## What the task requires
Restate word for word the lines below that run from the one holding "Bundesrepublik Deutschland 1948-2001: Die" through the one holding "Luxemburg 1950. MiNr. 468-473, postfrisch.", inclusive. Pictures don't belong in the copy.

## Extracted material
_ _ _ _ _

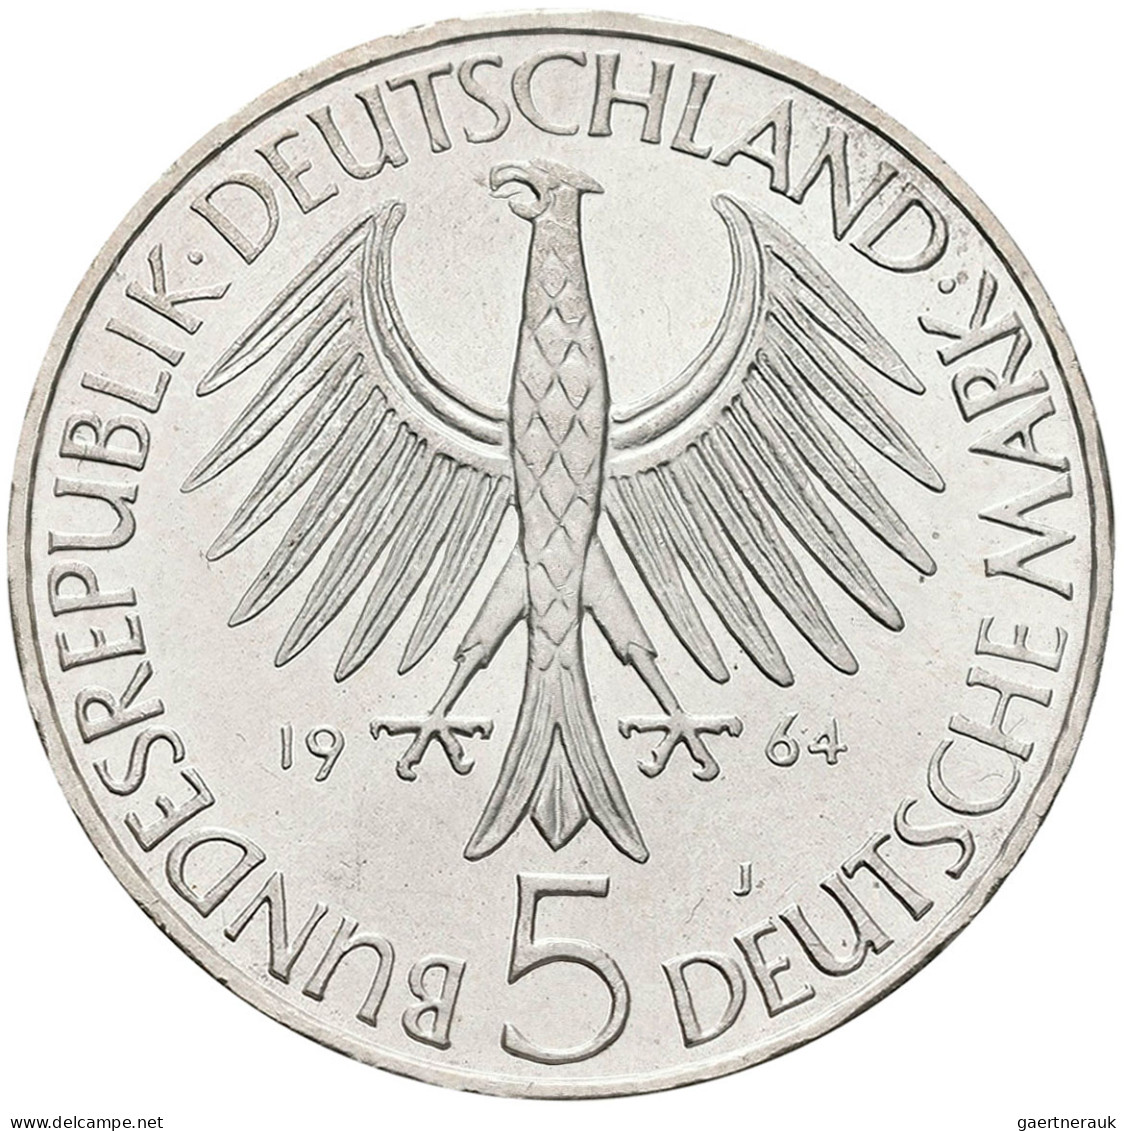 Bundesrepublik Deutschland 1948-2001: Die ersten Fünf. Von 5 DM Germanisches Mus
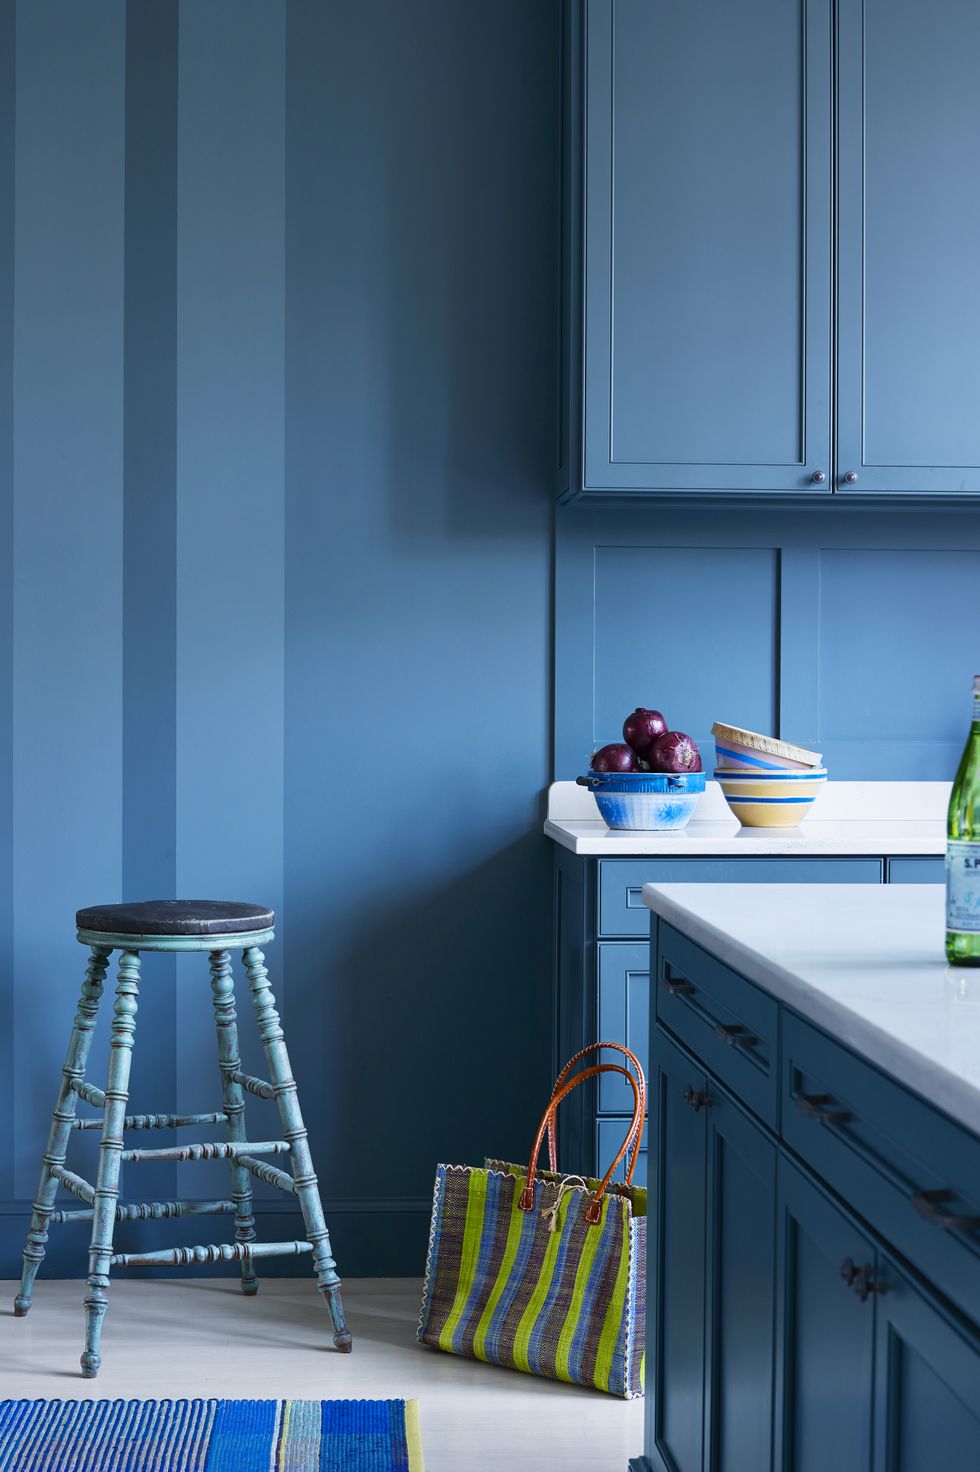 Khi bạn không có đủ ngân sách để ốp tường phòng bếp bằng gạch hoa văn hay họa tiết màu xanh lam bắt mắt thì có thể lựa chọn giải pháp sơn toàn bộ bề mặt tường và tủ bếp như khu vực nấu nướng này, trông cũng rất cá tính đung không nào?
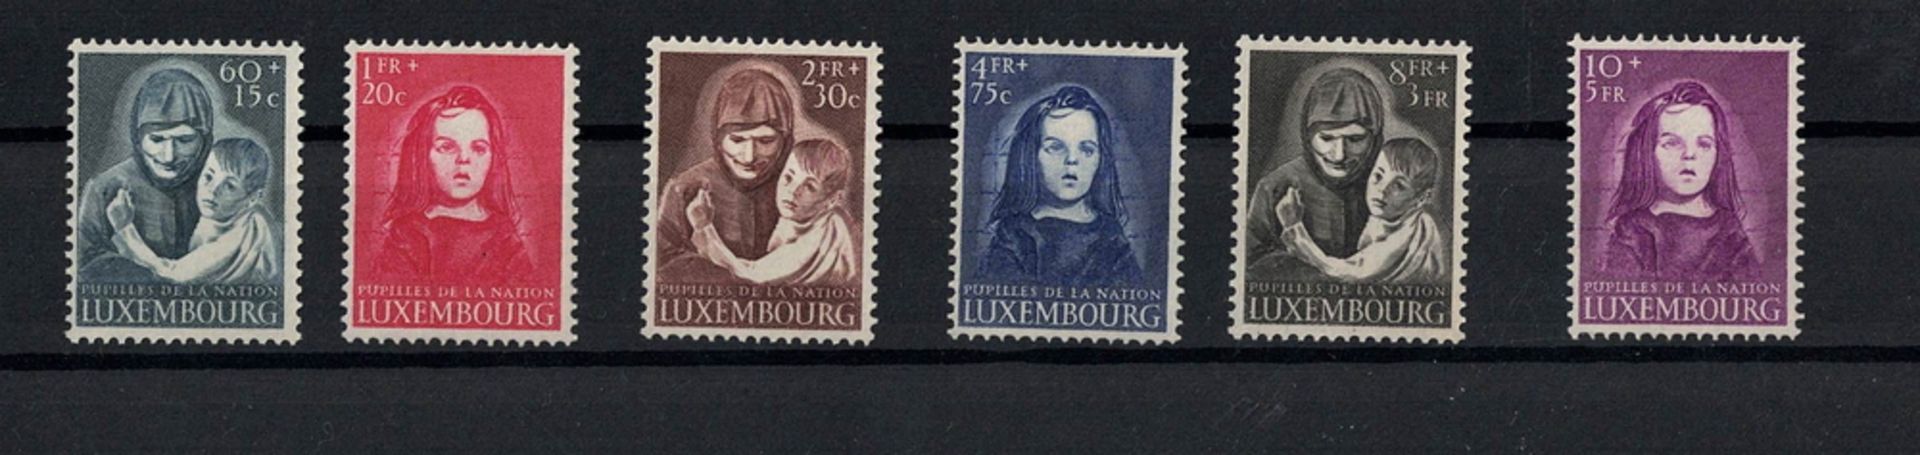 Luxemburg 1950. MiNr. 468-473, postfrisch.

_ _ _ _ _

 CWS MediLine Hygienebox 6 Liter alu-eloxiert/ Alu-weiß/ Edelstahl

_ _ _ _ _

## Task output
 Bundesrepublik Deutschland 1948-2001: Die ersten Fünf. Von 5 DM Germanisches Mus
 Khi bạn không có đủ ngân sách để ốp tường phòng bếp bằng gạch hoa văn hay họa tiết màu xanh lam bắt mắt thì có thể lựa chọn giải pháp sơn toàn bộ bề mặt tường và tủ bếp như khu vực nấu nướng này, trông cũng rất cá tính đung không nào?
 Luxemburg 1950. MiNr. 468-473, postfrisch.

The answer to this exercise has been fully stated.